6:00 - 6:30pm Refreshment reception
6:30 - 7:30pm Data Platform Observability @ Intuit
7:30 - 8:00pm How to Build Reliable Modern Data Pipelines Using AI and DataOps [Unravel Data]
Data Platform Observability @ Intuit [6:30 - 7:30pm]
Can you fly a plane without an instrumentation panel for speed, altitude, etc. With the growing plethora of data technologies, there is a need for an instrumentation panel for data platforms to track quality, timeliness, change management, cost, etc. Observability focusses on providing highly granular insights into the behavior of systems along with rich context. In this session, we cover 4 lightning talks (15 mins each) on different aspects of observability.
1. Change alerting for Aurora MySQL with lineage integration
Source database schema changes can have a significant impact on downstream data ingestion, reporting and analytics. This talk covers automated change alerting by capturing database schema changes from AWS Aurora MySQL, analyzing the source table lineage for impact and proactive alerting to respective data teams before changes go into effect.
2. Multi-cluster EMR Observability
In contrast to single cluster on-premise Hadoop deployments, the best practice for AWS EMR is deploying multiple clusters serving different use-cases. How do you operationalize and monitor 10s of clusters? This talk covers E2E visibility and alerting across EMR clusters.
3. CostBuddy: Where are the dollars going?
As organizations move to the cloud, budgeting, tracking, and optimizing dollar spending in the cloud is becoming a critical capability. The topic of cost observability often gets little attention. This talk will describe our challenges with cost accountability and budgeting as we transitioned to operate the Data 100% in the cloud and the CostBuddy tool that we have developed for cost observability.
4. Raw Data & Metric Observability
In a data driven world, quality of data and insights is extremely important. Decisions based on bad data can significantly impact business and customer confidence. This talk covers how we are using ML algorithms and detect anomalies in data quality and business metrics. The alerting proactively prevents consumption of bad data/insights for decision making.
How to Build Reliable Modern Data Pipelines Using AI and DataOps [7:30 - 8:00pm]
Organizations are building strategic data pipelines that generate insights from a mountain of internal and external data sources. For example, a Customer 360 data pipeline may combine customer data from
multiple business channels, including stores, online, social media, and third party demographic data.
Modern data pipelines have multiple components such as Kafka, Spark, NoSQL, RedShift, Kubernetes, each of which generates its own log files that contain thousands of non-correlated events.

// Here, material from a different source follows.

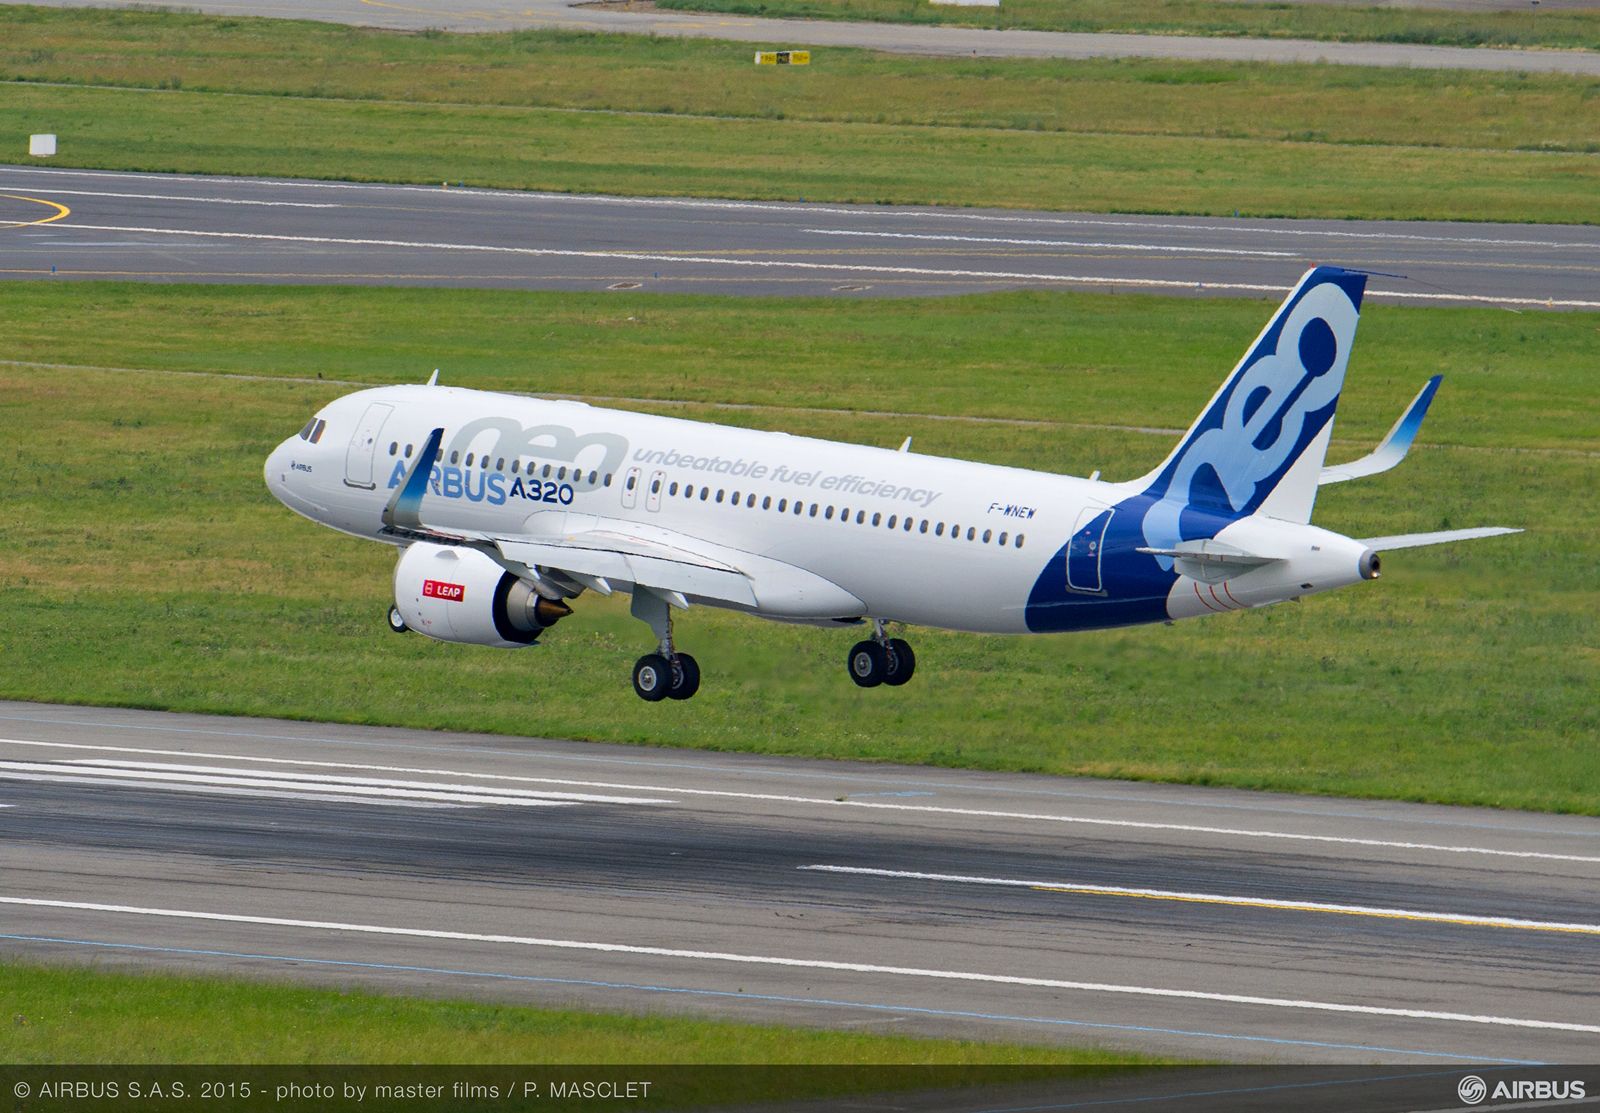 A320neo prototípus leszállás közben Toulouse-ban. A kép illusztráció. (Fotó: Airbus) | © AIRportal.hu

These pipelines are inherently complex and unfortunately fail for many reasons. Hunting for the root cause of a pipeline failure from messy, raw, and distributed logs is hard for performance experts, and a nightmare for
data operations teams tasked with managing application SLAs. This gets harder as the complexity, scale, and speed of modern data pipelines increase. In this talk, Prof. Shivnath Babu explains how to apply performance monitoring techniques and artificial intelligence to your data pipelines and supporting big data systems to keep your applications running reliably, in your own data center or in the public cloud. Topics covered include application auto-tuning, root-cause failures of distributed applications, SLA management for streaming data pipelines, and holistic cluster optimization.